The Rise of Artificial Intelligence at JPMorgan (WSJ)
In the past year, JPMorgan rolled out a tool it calls LLM Suite for most of its employees that allows them to use generative artificial intelligence from OpenAI and others.
We now have 200,000 people in the firm who have the tool on their desk. Half of them use it pretty actively every day, and we estimate people use it on average for one-to-two hours a week.
We are starting [to connect AI to JPM proprietary data]. It’s a work in progress. We’re obviously doing that very carefully and thoughtfully. Data privacy is our first and foremost priority. … That then becomes the differentiator in terms of how much value JPMorgan gets versus somebody else in financial services. A lot of the focus we have is on how do you safely and effectively leverage the knowledge and the insights that we have in the firm.

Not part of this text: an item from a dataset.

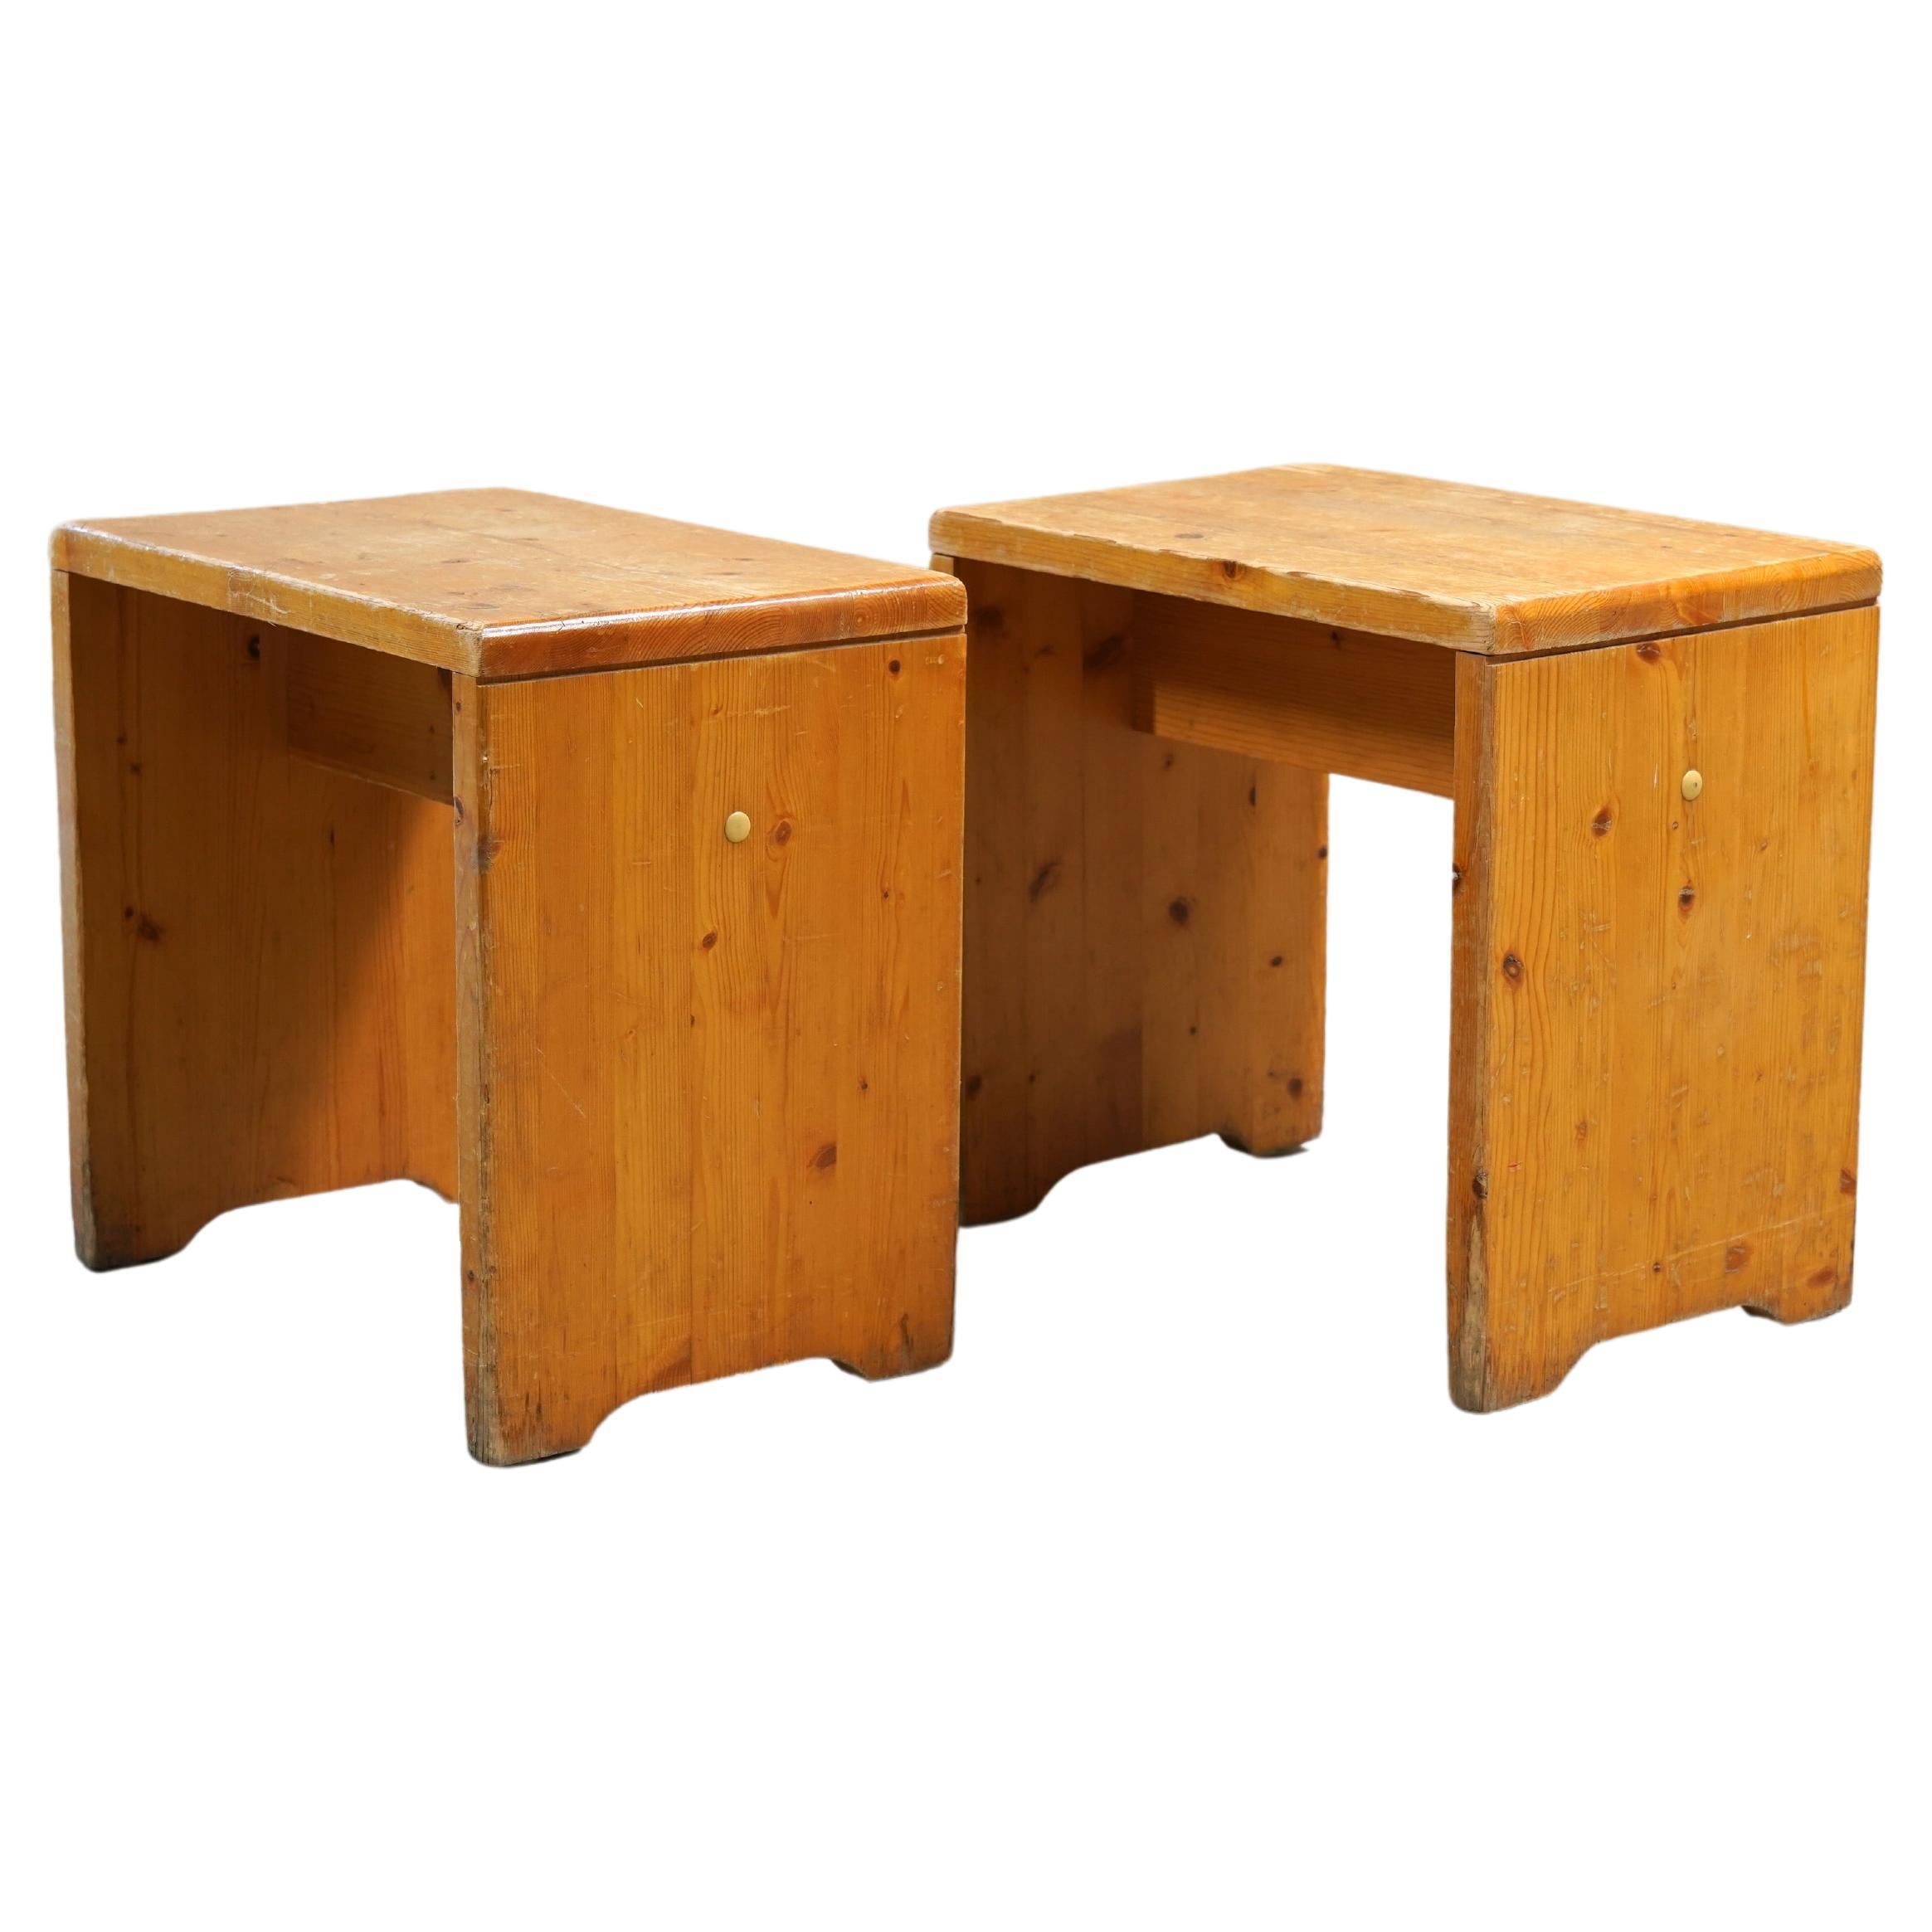 Charlotte Perriand Stools from Les Arcs, France circa 1968 (4 Available)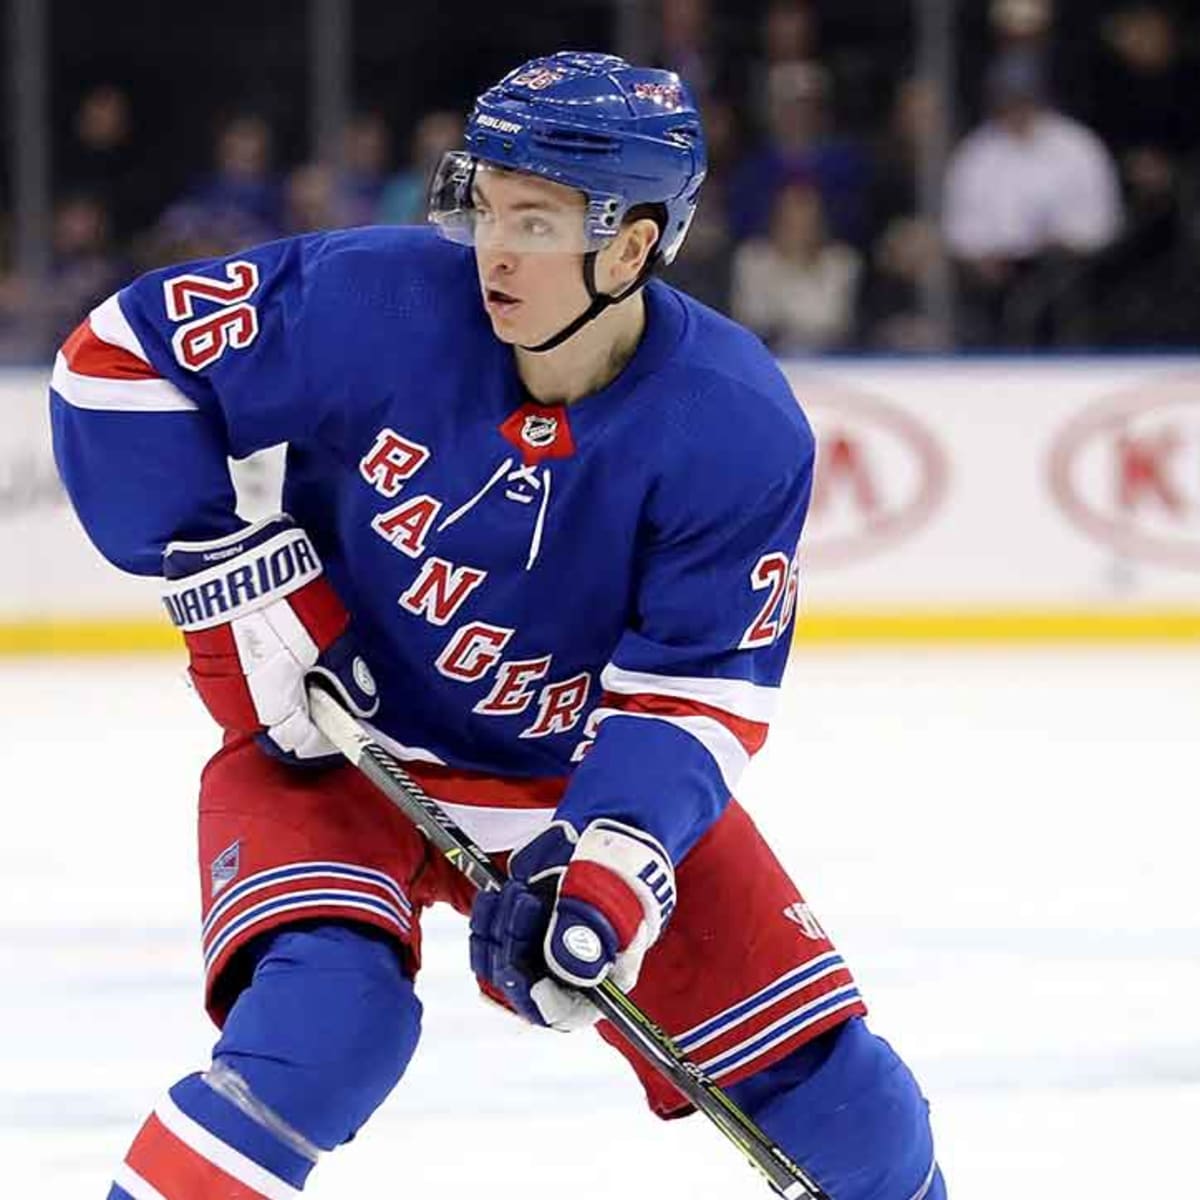 Jimmy Vesey has found home with Rangers on second go-around

We have controls around everything we’ve done with AI that have been long established. Every time we develop a use case, it goes through a rigorous process. Some models we’ve designed are very constrained. You can see everything it’s doing. So that might be something you would use in a credit decision.
Major Asia bank to cut 4,000 roles as AI replaces humans (BBC)
Singapore's biggest bank, DBS, says it expects to cut about 4,000 roles over the next three years as artificial intelligence (AI) takes on more work currently done by humans.
Scaling Core Earnings Measurement with Large Language Models
Using the text of 10-K filings from U.S. public companies between 2000 and 2023, we employ LLMs … to identify unusual losses, then gains, and then tabulate and aggregate them. …
We find that … AI assistance significantly boosts productivity in five out of six tested legal tasks … yielding statistically significant gains of approximately … 34% to 140%, with particularly strong effects in complex tasks like drafting persuasive letters and analyzing complaints.